Evening. It still had the same amount of bubbles as Saturday evening, so I thought something must be slowing its progress. I thought it could be the temperature (which is 70-75 degrees at my place), so I placed the starter near the vent of my computer for gentle heating. I have an electric oven that has no light inside, so using the oven as a way to warm it was out. I kept the rest of the process the same. I also stirred the starter before bed.

Monday-

Morning. I was pleased to notice that the bubbles were a little bit larger, but unfortunately there was no rise. I repeated the usual process (keep 1/4 starter, add 1/4 cup water and a scant 1/2 cup white flower), but this time I placed it on a heating pad that I use for my muscles after a long run. It was on the low setting (90 degrees) and auto-shuts off after 45 minutes.

At the mid-afternoon vigorous stir I noticed a tiny amount of hooch. There were a few bubbles on the top about the size of small peas, but otherwise no rise.

Evening. There were a few small bubbles, but otherwise less activity than at the mid-afternoon stir. I repeated the usual process (keep 1/4 starter, add 1/4 cup water and a scant 1/2 cup white flower) and placed it back on the heating pad on the low setting. When I went to bed, I turned the heating pad back on and stirred.

Tuesday-

Morning. Small pea sized bubbles and a tiny amount of hooch. I repeated the usual process (keep 1/4 starter, add 1/4 cup water and a scant 1/2 cup white flower) and placed it back on the heating pad on the low setting.

Mid-afternoon stir. Same pea sized bubbles with a tiny amount of hooch but still no rise at all.

Evening. I decided that perhaps I wasn’t feeding it enough or maybe I wasn’t specific enough on the measurements, so I got out my kitchen scale. I kept 2 tablespoons of the starter and added 3 oz of water and 3 oz of white flour. I placed the starter back on the heating pad and stirred before I went to bed.

Wednesday- Today

Morning. Still the same old pea sized bubbles but no hooch. I repeated the process that I did the night before with adding 3 oz of water and 3 oz of white flour to 2 tablespoons of starter.

So this is where I am today. I still have not gotten a rise out of the starter that I began a week ago. The batter smells lightly sour and yeasty, but it is a pretty light smell. Then I thought today, perhaps it is the water? I checked out the chloramine levels in the District of Columbia (where I live) and the water authority says that they vary between 3-3.7 milligrams per liter of water. I will try bottled water today and see if that helps. Can anyone think of anything else that I might be doing wrong?

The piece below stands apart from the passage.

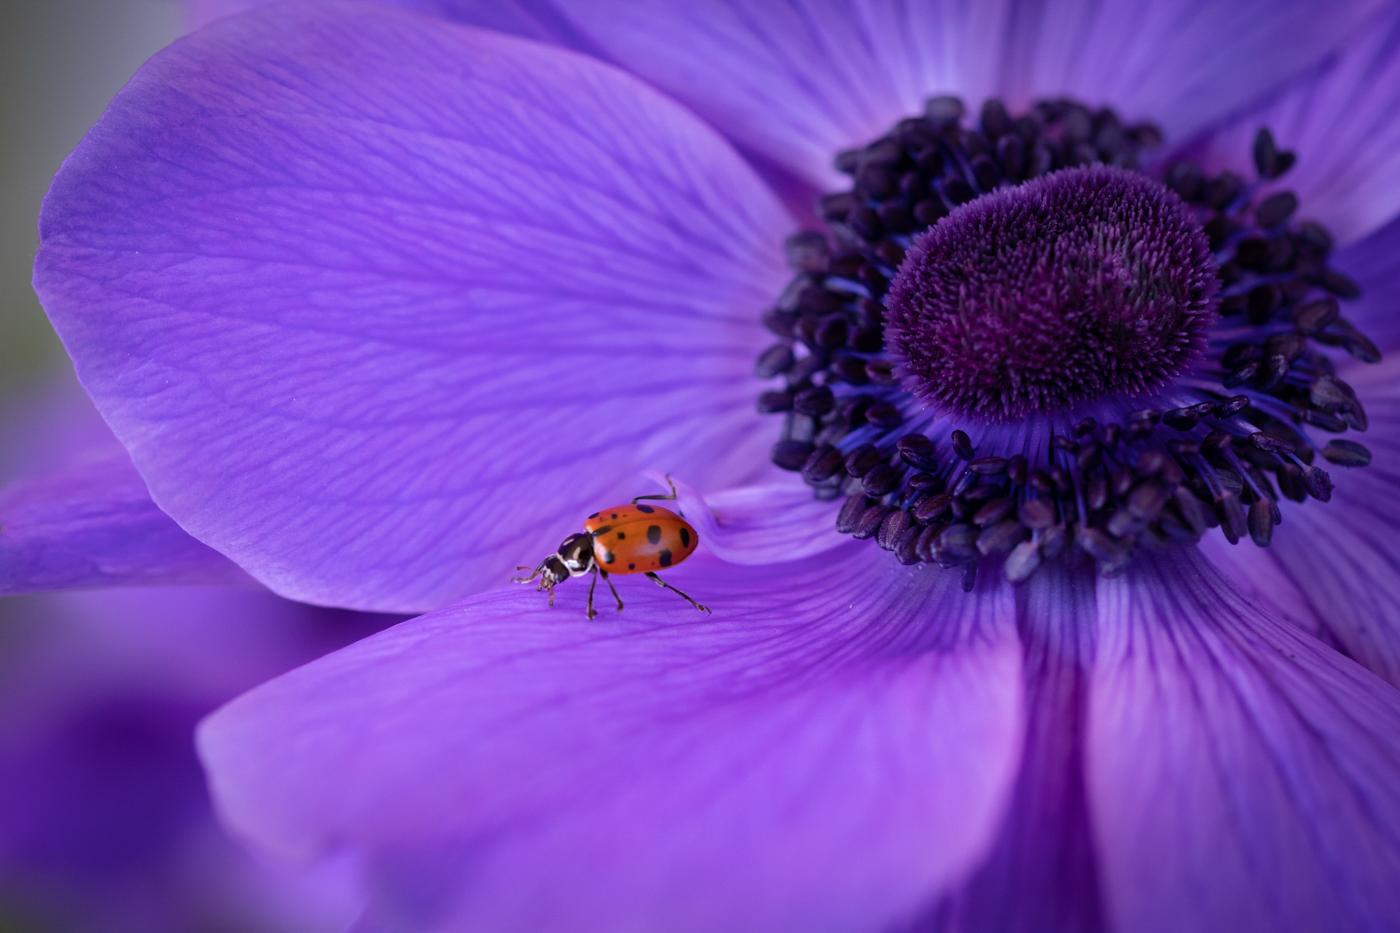 15Assigned_Terry_Miranda_1_Ladybug_loves_purple

I’m hoping that I won’t have to give up on this starter.

Thanks for all your advice guys!

-Danny

Submitted by jimmykx250 on February 4, 2008 - 11:09am

Not enough rise

I have just recently got into sourdough bread. I have had great success with the no knead method but when i try to make a traditional loaf my second rise never seems to have much lift. Is this normal? My starter is quite healthy. It is not liquid like some ive seen on this site but rather a thick pancake batter like consistancy. I purchased it from KA. It does have bubbles too. Also wondering how do you get a ww starter going? Im sure its on this site somewhere i just cant find it.